In Bowden v. State, 402 So.2d 1173, 1174 (Fla. 1981), this Court addressed the definition of "pattern of racketeering activity" by stating:
[The statutory] definition of "pattern of racketeering activity" suggests that the similarity and interrelatedness of racketeering activities should be stressed in determining whether a "pattern of racketeering activity" exists. As used in this statute, the word "pattern" clearly requires more than accidental or unrelated instances of proscribed behavior. We construe the "pattern" element to require, in addition to similarity and interrelatedness of racketeering activities, proof that a continuity of particular criminal activity exists.
The issue before us is whether the subject information contained sufficient allegations of continuity.

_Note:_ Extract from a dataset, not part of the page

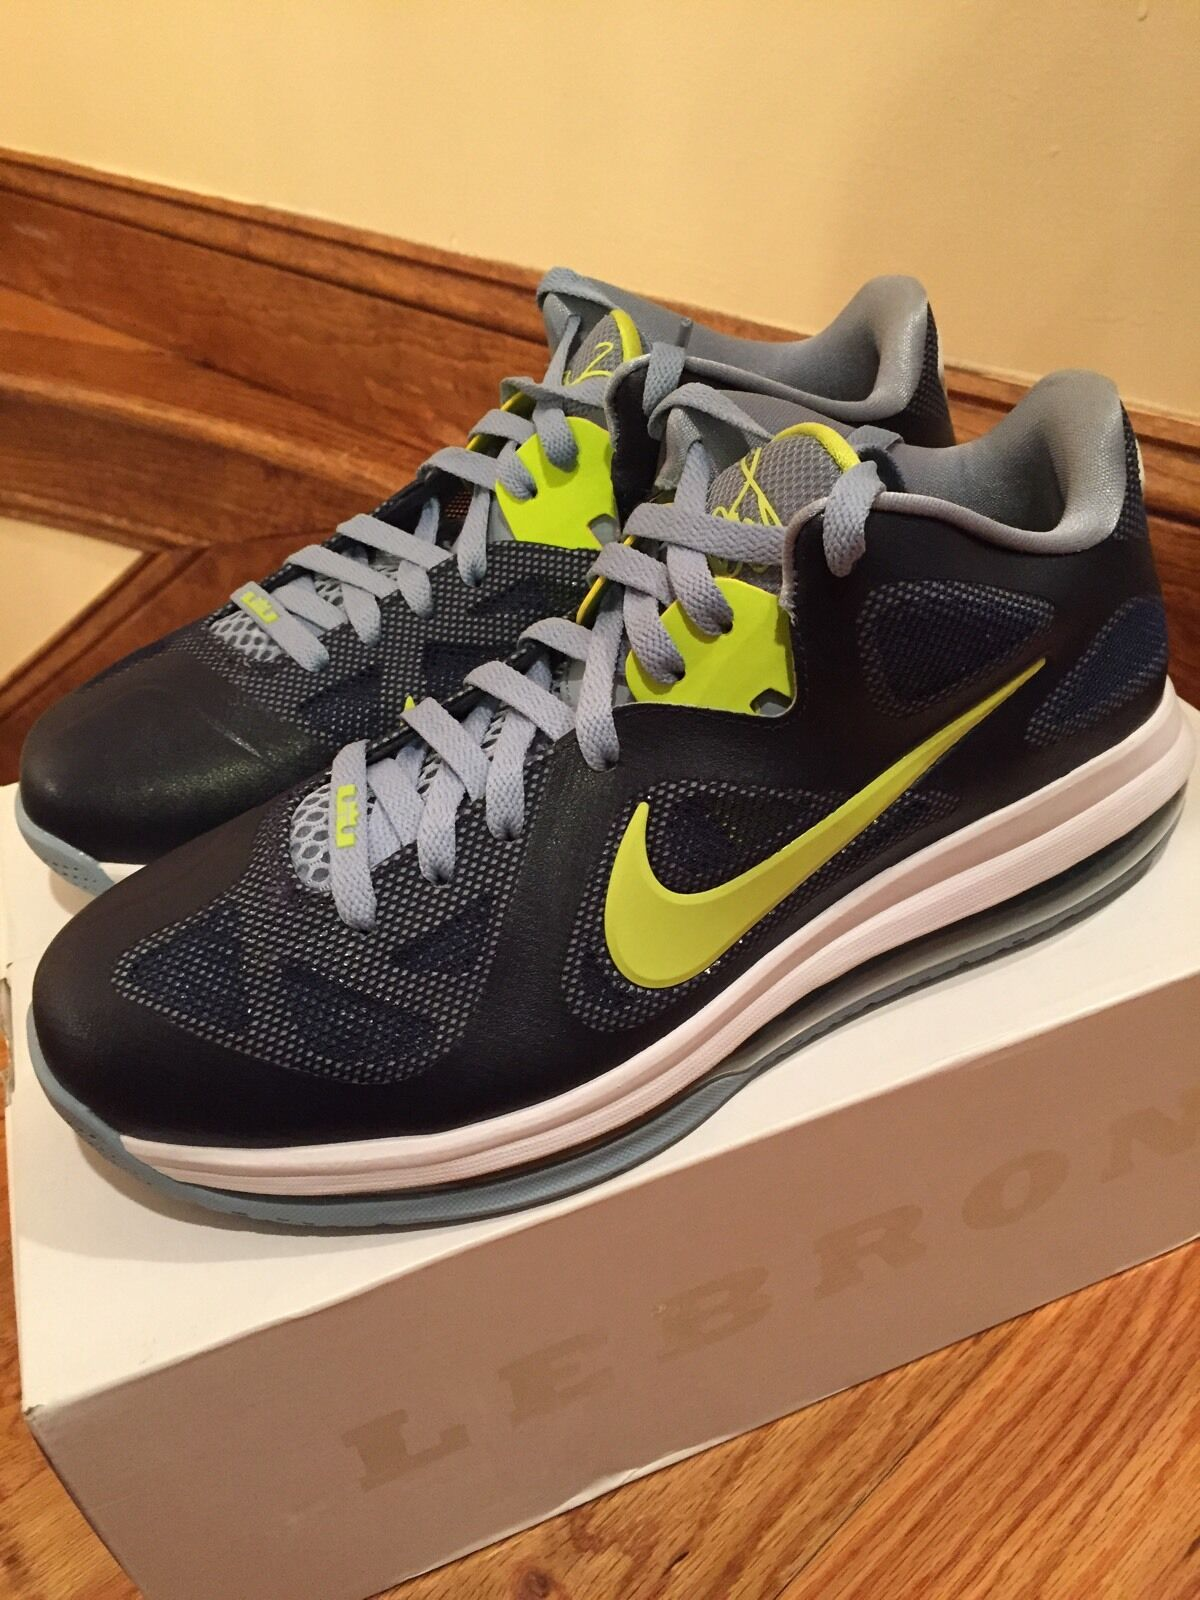 Nike Lebron 9 510811-401 SZ 9 Brand New, DS

Pointing out that the Florida RICO Act was derived from the Federal RICO Act, the district court of appeal relied heavily upon the recent discussion of continuity by the United States Supreme Court in H.J. Inc. v. Northwestern Bell Telephone Co., 492 U.S. 229, 241-43, 109 S.Ct. 2893, 2901-02, 106 L.Ed.2d 195 (1989). In that case, the Court stated:
"Continuity" is both a closed- and open-ended concept, referring either to a closed period of repeated conduct, or to past conduct that by its nature projects into the future with a threat of repetition... . A party alleging a RICO violation may demonstrate continuity over a closed period by proving a series of related predicates extending over a substantial period of time. Predicate acts extending over a few weeks or months and threatening no future criminal conduct do not satisfy this requirement... . Often a RICO action will be brought before continuity can be established in this way. In such cases, liability depends on whether the threat of continuity is demonstrated.

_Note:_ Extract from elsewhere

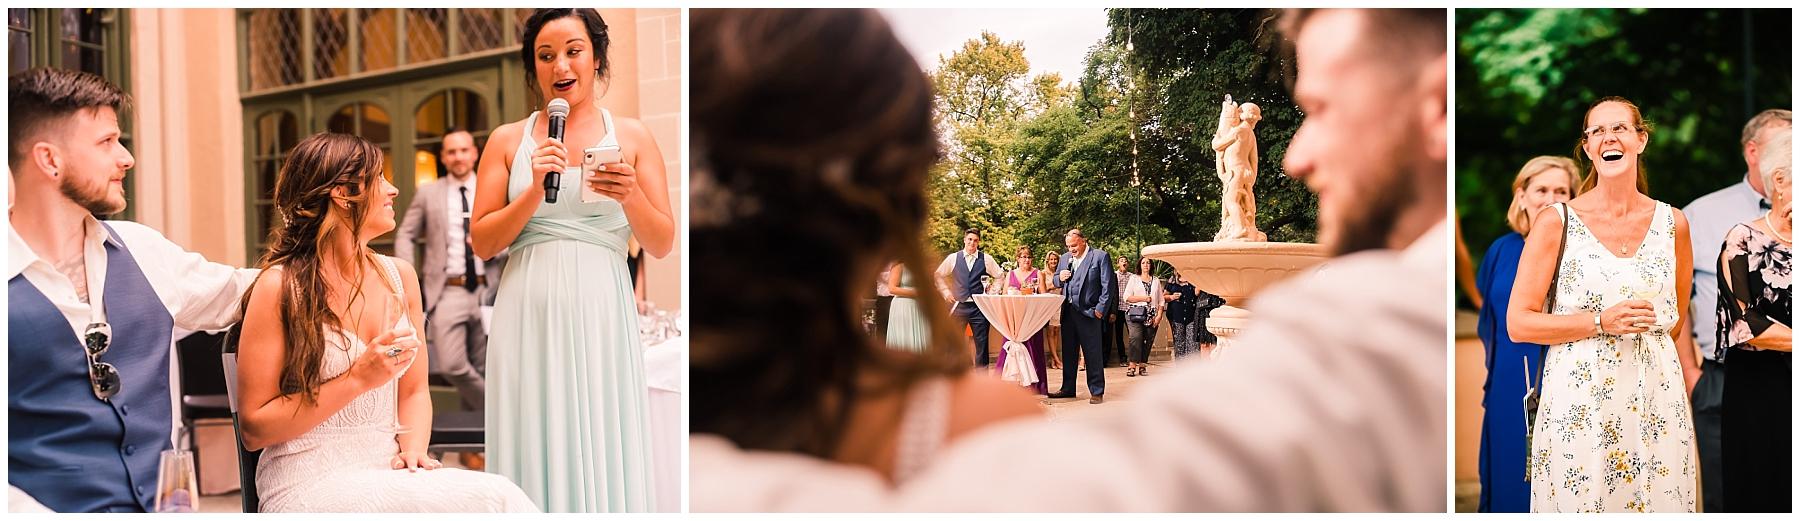 lafayette indiana wedding photography destination wedding fowler house mansion_0120.jpg

Whether the predicates proved establish a threat of continued racketeering activity depends on the specific facts of each case... . A RICO pattern may surely be established if the related predicates themselves involve a distinct threat of long-term racketeering activity, either implicit or explicit. .. . In other cases, the threat of continuity may be established by showing that the predicate acts or offenses are part of an ongoing entity's regular way of doing business ...[,] a long-term association that exists for criminal purposes ... [, or] a regular way of conducting ... [an] ongoing legitimate business... .
(Citations omitted.)
While the district court of appeal concluded that the allegations of the subject information did not measure up to these *1095 requirements, we respectfully disagree. At the outset, we are not convinced that a series of related fraudulent activities which occur over a six-month period cannot demonstrate the requisite closed-end continuity. In any event, we believe the information sufficiently alleges the threat of continued criminal activity necessary to demonstrate open-ended continuity.

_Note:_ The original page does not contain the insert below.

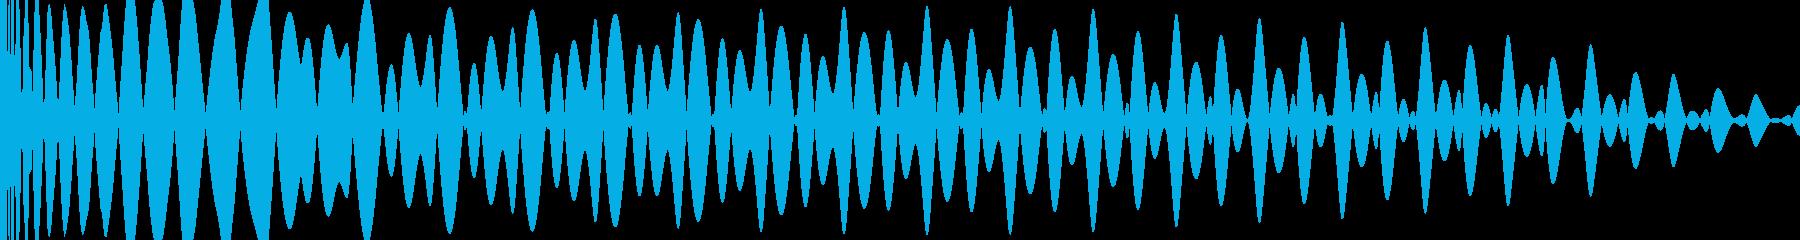 EDM キー(G)入りキックの再生済みの波形

The recent case of United States v. Busacca, 936 F.2d 232 (6th Cir.), cert. denied, ___ U.S. ___, 112 S.Ct. 595, 112 S.Ct. 595 (1991), discussed what is necessary to show the threat of continued criminal activity in a RICO prosecution. Busacca, the president of a local union and chairman of the board of trustees of its health and welfare fund and its pension fund, was charged under the Federal RICO Act with various criminal offenses, including embezzling monies from the local funds, accepting kickbacks to influence the operation of the funds, and making false statements on documents relating to the funds.